Маленькие щупальца легко коснулись ее кожи, и Финн снова закричала от жгучей боли. Еще пару минут она боролась и пыталась держать голову над водой, но яд уже проник в кровь, и судорога свела ноги. Финн понимала, что слабеет и скоро не сможет плыть.
Ей показалось, что она слышит голос Билли, выкрикивающий ее имя, но помощь уже опоздала. Медузы окружили ее со всех сторон и теперь, едва заметно сокращаясь, сжимали кольцо. Они словно специально распределились так, чтобы вкусной еды хватило на каждую. Силы оставили Финн, и она начала медленно опускаться на дно.
Увидев, что творится под водой, она потеряла последнюю надежду на спасение. Медузы, кишащие на поверхности, внушали отвращение и страх, но в сине-зеленой толще царил настоящий ад. Миллионы щупальцев — тонких, как волос, и толстых, будто перевитые канаты, — свисали из-под зонтиков и медленно шевелились. Они уже полностью обволокли тело Бена Уинчестера и медленно, но уверенно тянули его со дна наверх, в самую гущу кисельных тел — туда, где из его трупа сначала вытянут все соки, а потом и полностью уничтожат то, что еще недавно было живым человеком.
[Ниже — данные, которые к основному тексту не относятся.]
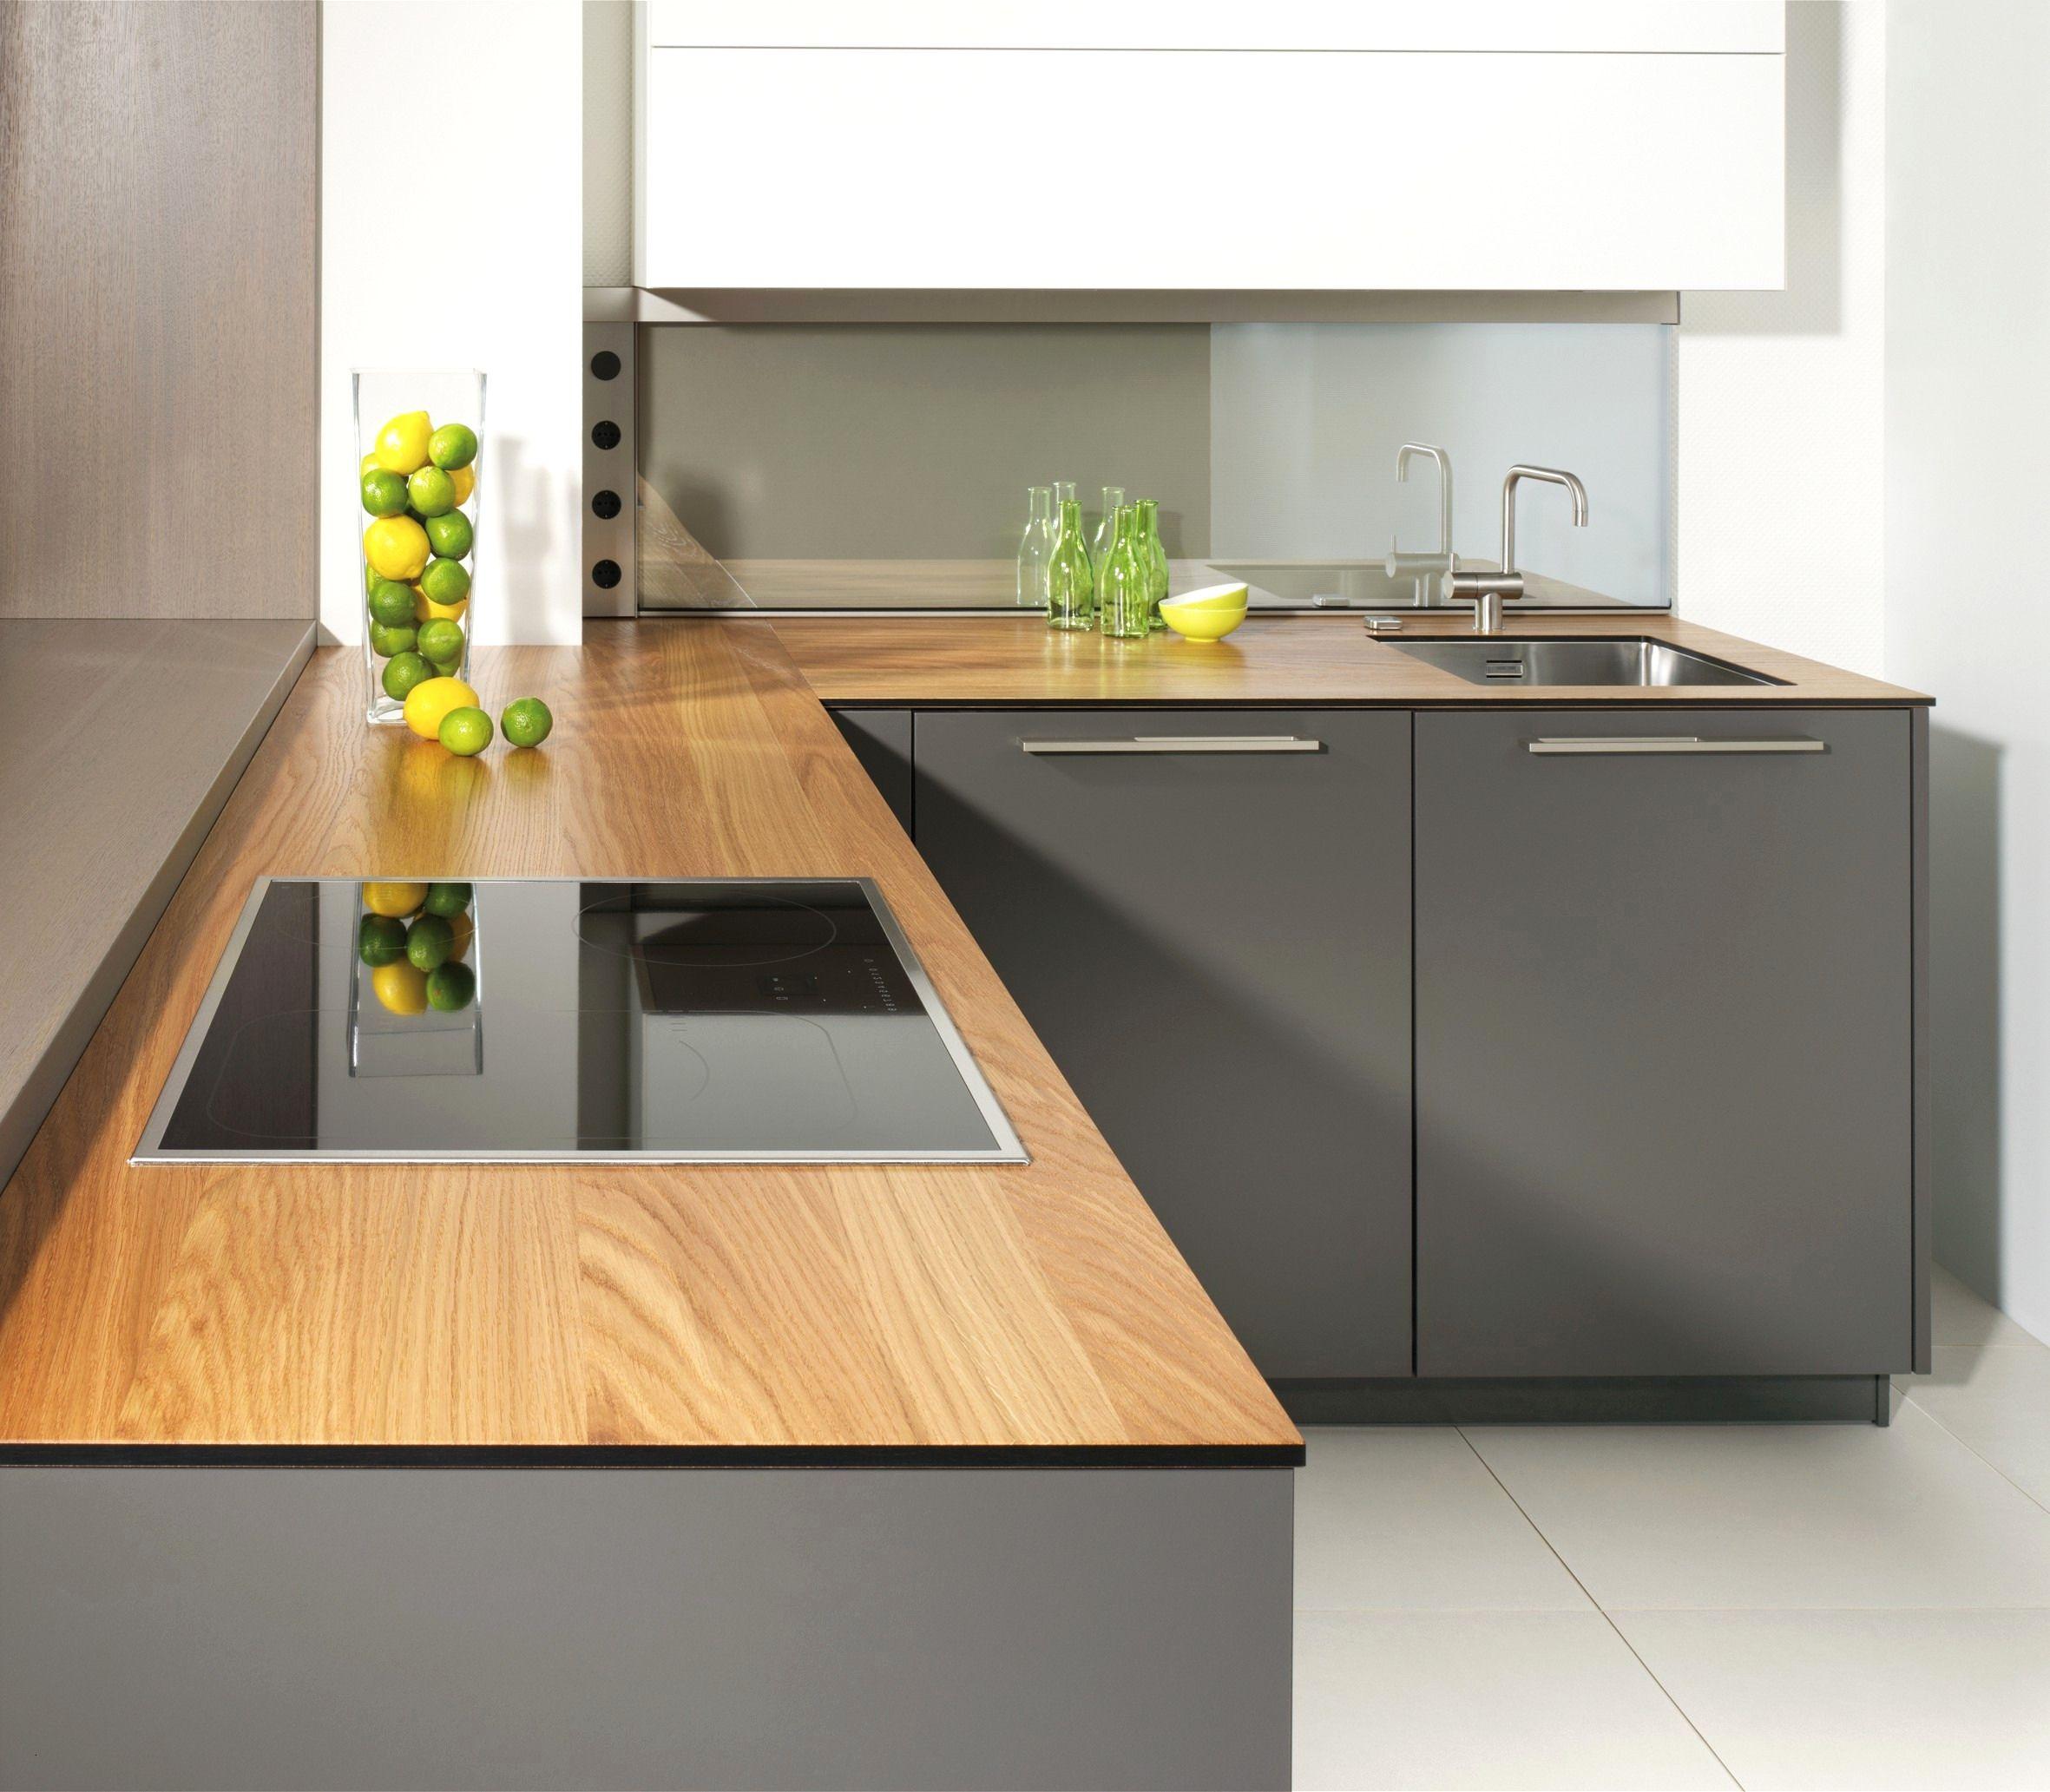 L Kuche Mit Insel Das Beste Von Kleine Kuche U Form Grossartig Gross Kuche L Form Mit Insel K C3 Bcche Kitchen Remodel Kitchen Design Kitchen Interior

Раньше Финн слышала, что тонущий человек в какой-то момент спокойно засыпает и даже видит сон, но то, что происходило с ней сейчас, было больше похоже на ночной кошмар, и она боролась с ним до последней минуты, пытаясь грести, даже когда уже опустилась на самое дно.
Остатки воздуха вырвались из легких, и грудь свело болью. Последнее, что она успела увидеть перед смертью, — это жуткое, белое лицо Уинчестера с шевелящимися, как у мифического чудовища, волосами. Потом зрение померкло, боль ушла, и она еще успела услышать зовущий ее голос и последние, замирающие удары собственного сердца.